Commentary: Life lessons that can’t be learned in the classroom

John Goralski Southington Observer Editor

John Goralski
Southington Observer Editor

When news began to filter in after the boys basketball game on Thursday, I couldn’t believe my ears. I actually had to go into the CIAC website to see if the claims were really true.

A 104-30 loss to Windsor might be the most lopsided loss suffered by any Southington High School team in the history of Southington High School teams. It must have been so quiet that you could have heard the ECHO of a pin drop on the bus ride home after the game.

But I’m not pointing that out to ridicule the Blue Knight basketball players. In fact, that wasn’t my reaction at all when I first heard the news. I have come to the conclusion that this year’s varsity basketball players are the toughest the high school has ever produced.

They are certainly tougher than any football player, any softball player, or any other varsity athlete that will compete at the high school this year.

After all, if Windsor had beaten Southington, 104-30, on the football field, the Windsor coach would have been suspended by the CIAC. In football, where scores are counted by sevens and threes, CIAC officials felt that it would be too devastating to lose by 50-points—forget about losing by 66. The CIAC even made a rule to protect against it and instituted a running clock to speed up the finish of a lopsided contest. How can a football player claim to be tougher than a Blue Knight basketball player?

Even softball and swimming have mercy rules and escape clauses for times when games get too out of control, so basketball players can certainly claim to be tougher.

In basketball, where it takes three or four scores to equal a single touchdown, there is no mercy rule. Even though a team has to out-score an opponent by as many as 25 baskets (or 50 free throws) to approach a 50-point deficit, there is no rule at all. That’s where the toughness comes in.
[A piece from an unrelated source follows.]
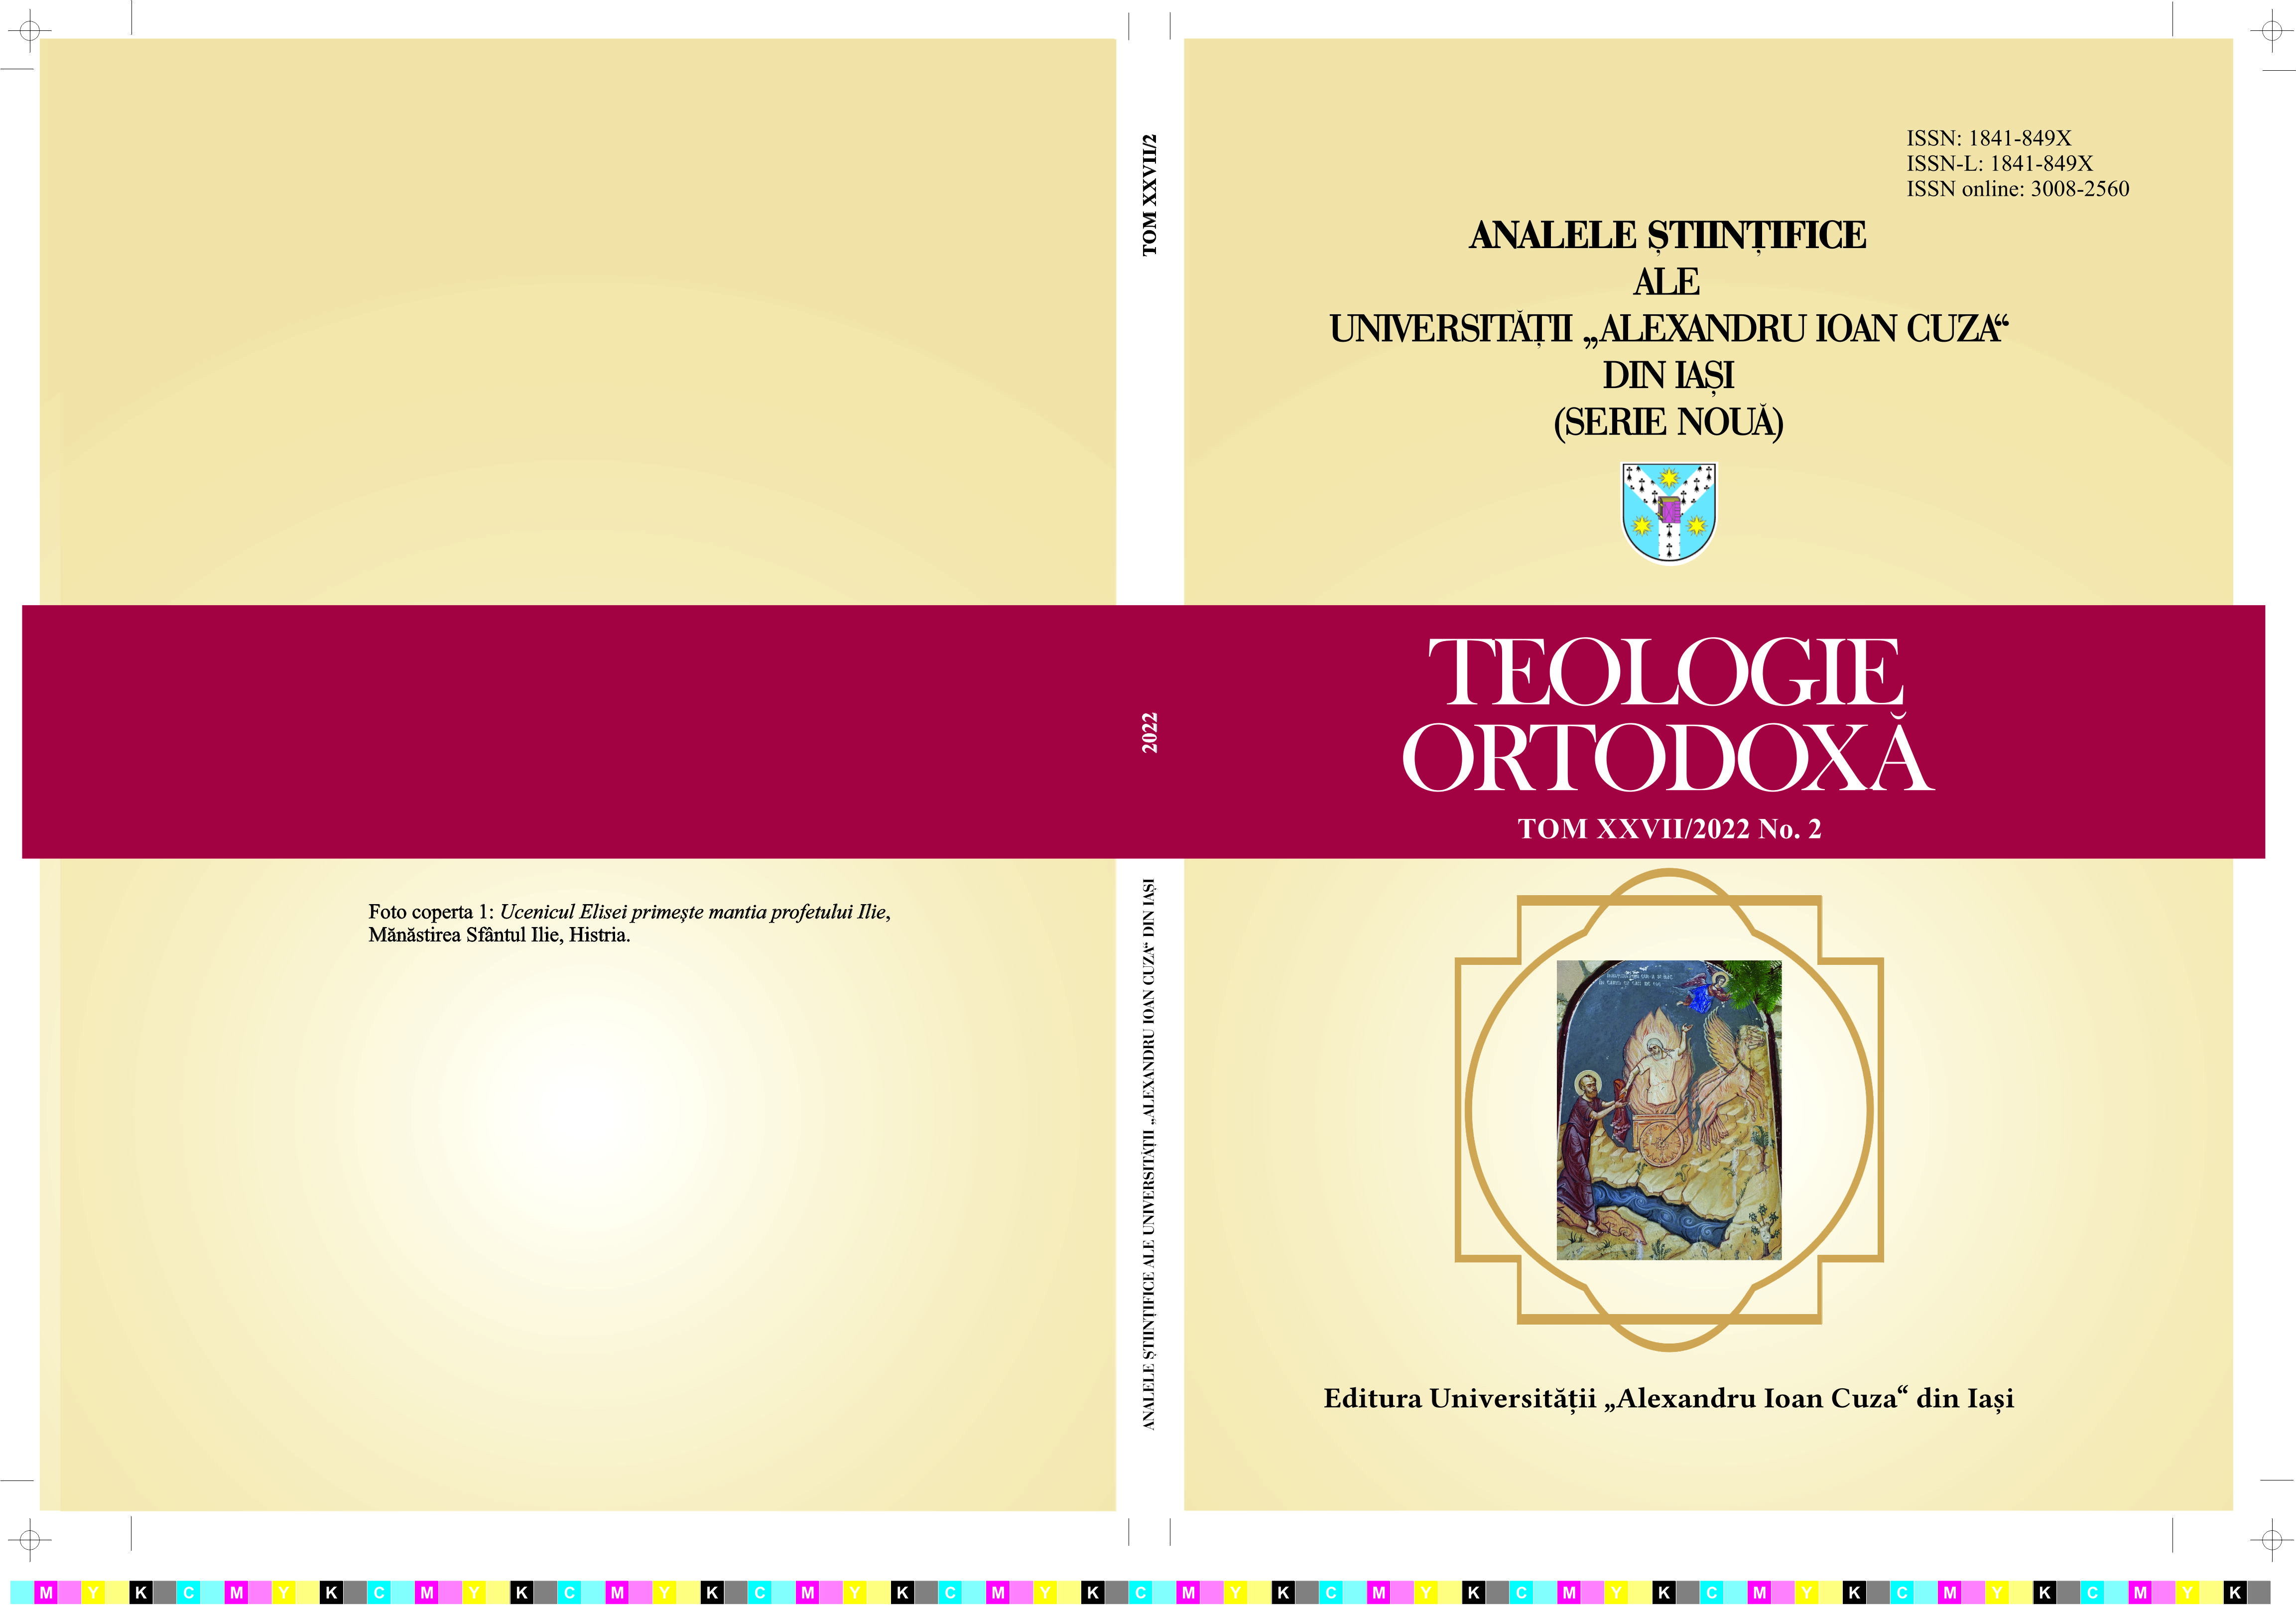 The Romanian Orthodox Deanery of Chişinău-Criş (1765-1918). Attestation and evolution
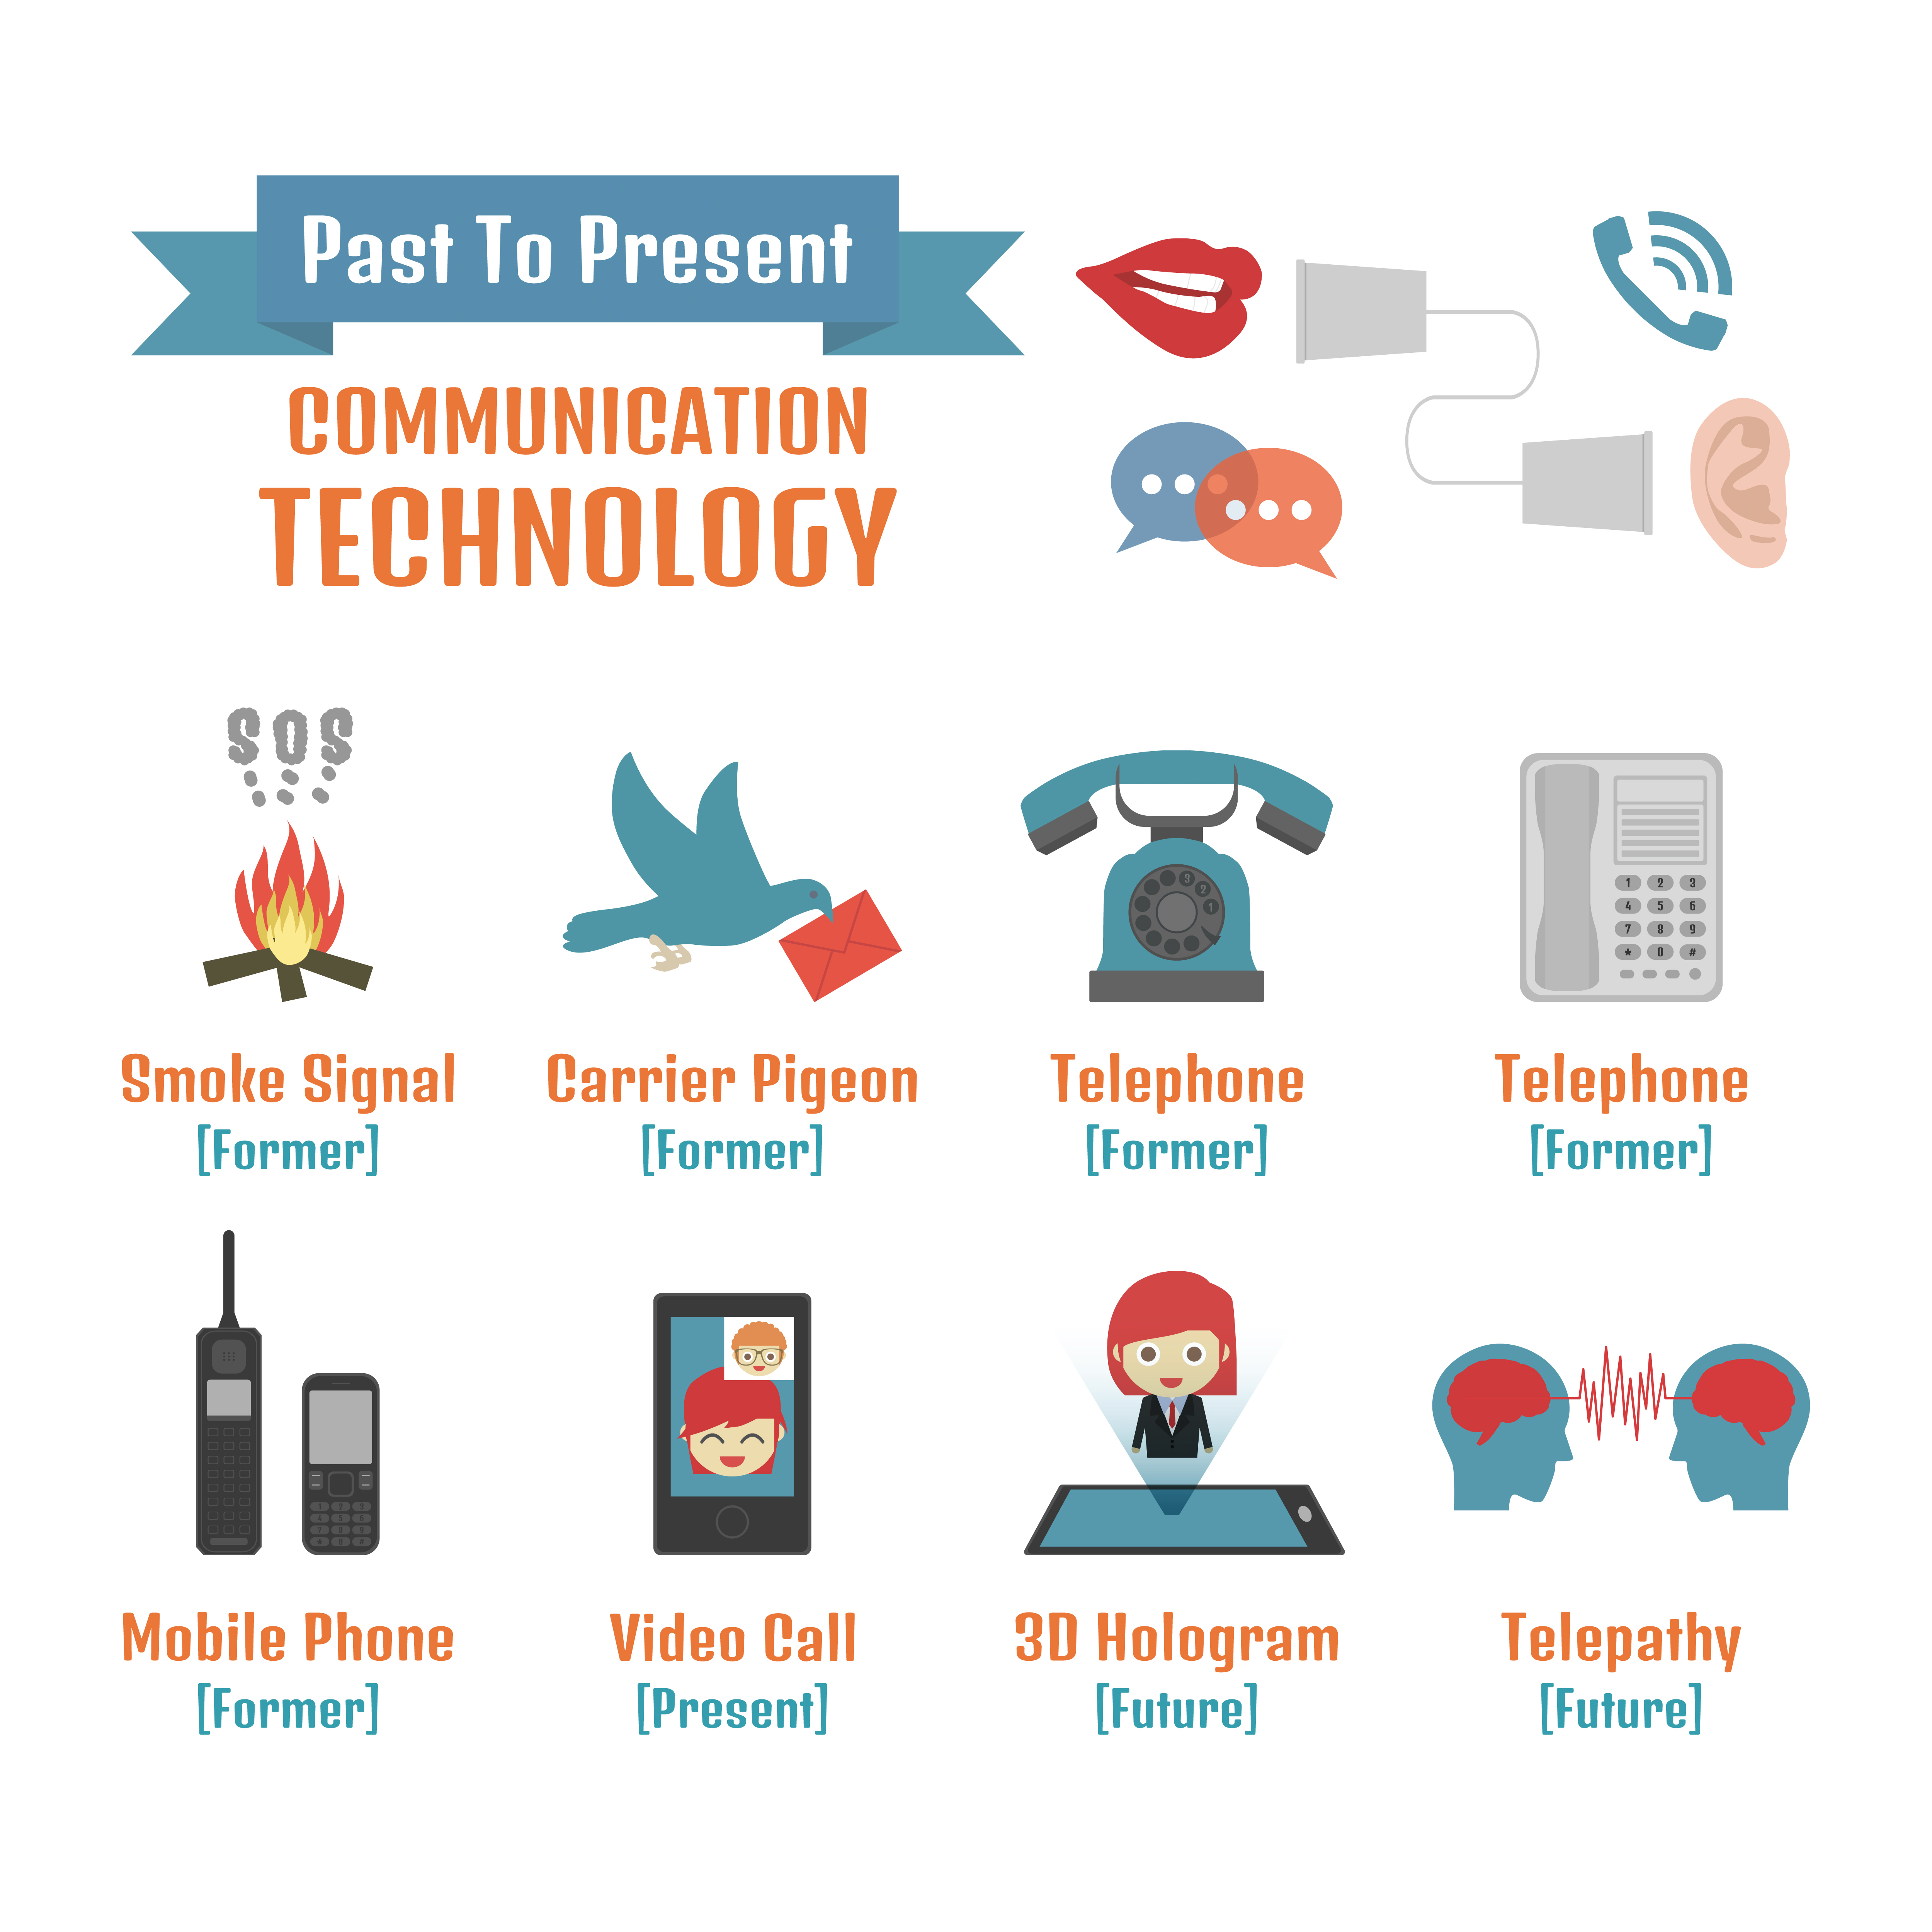 Communication Technology Infographic

I am impressed with any athlete that would continue to try, continue to score, continue to defend—in front of an audience of fans on the road—when there was obviously no chance to win the game. If I’m being honest with myself, I don’t think I would have made it to the final whistle. But the Blue Knights continued to the bitter end.

I’m curious how many varsity-level athletes took the winter off but still find time to compete in the town’s basketball league? I wonder how many varsity-level basketball players chose to sit out the season to compete in the town league—with no pressure—instead of supporting their classmates on the big stage?

If there are any, they should be hanging their heads in shame. So should any fan that is willing to flock to a town game but can’t support the varsity team because of their record. Fair-weather fans aren’t impressive.

For those boys that chose to stay with the team, chose to practice, and chose to compete, they have my complete respect. It is much tougher to show up for daily practice when your team is winless than when you’re a championship contender.

This winter season has already been a true test of character and grit. It’s already been chock full of life lessons that can’t be learned anywhere else. I am not as impressed with a team’s ability to win as I am for their ability to persevere through adversity. That’s why these guys win the “Toughest” title for this school year.

Of course, the season isn’t over. Who knows how this hard-learned lesson will affect the final outcome? People were ready to count out the Knights last winter when they were 0-7 and when they were 1-9, but the team wasn’t eliminated from the tournament until the final second of the final regular season game.

In my opinion, the entire boys basketball team—the freshmen, the junior varsity squad, and varsity team—are this week’s athletes of the week.

That was my reaction when the news began to filter in.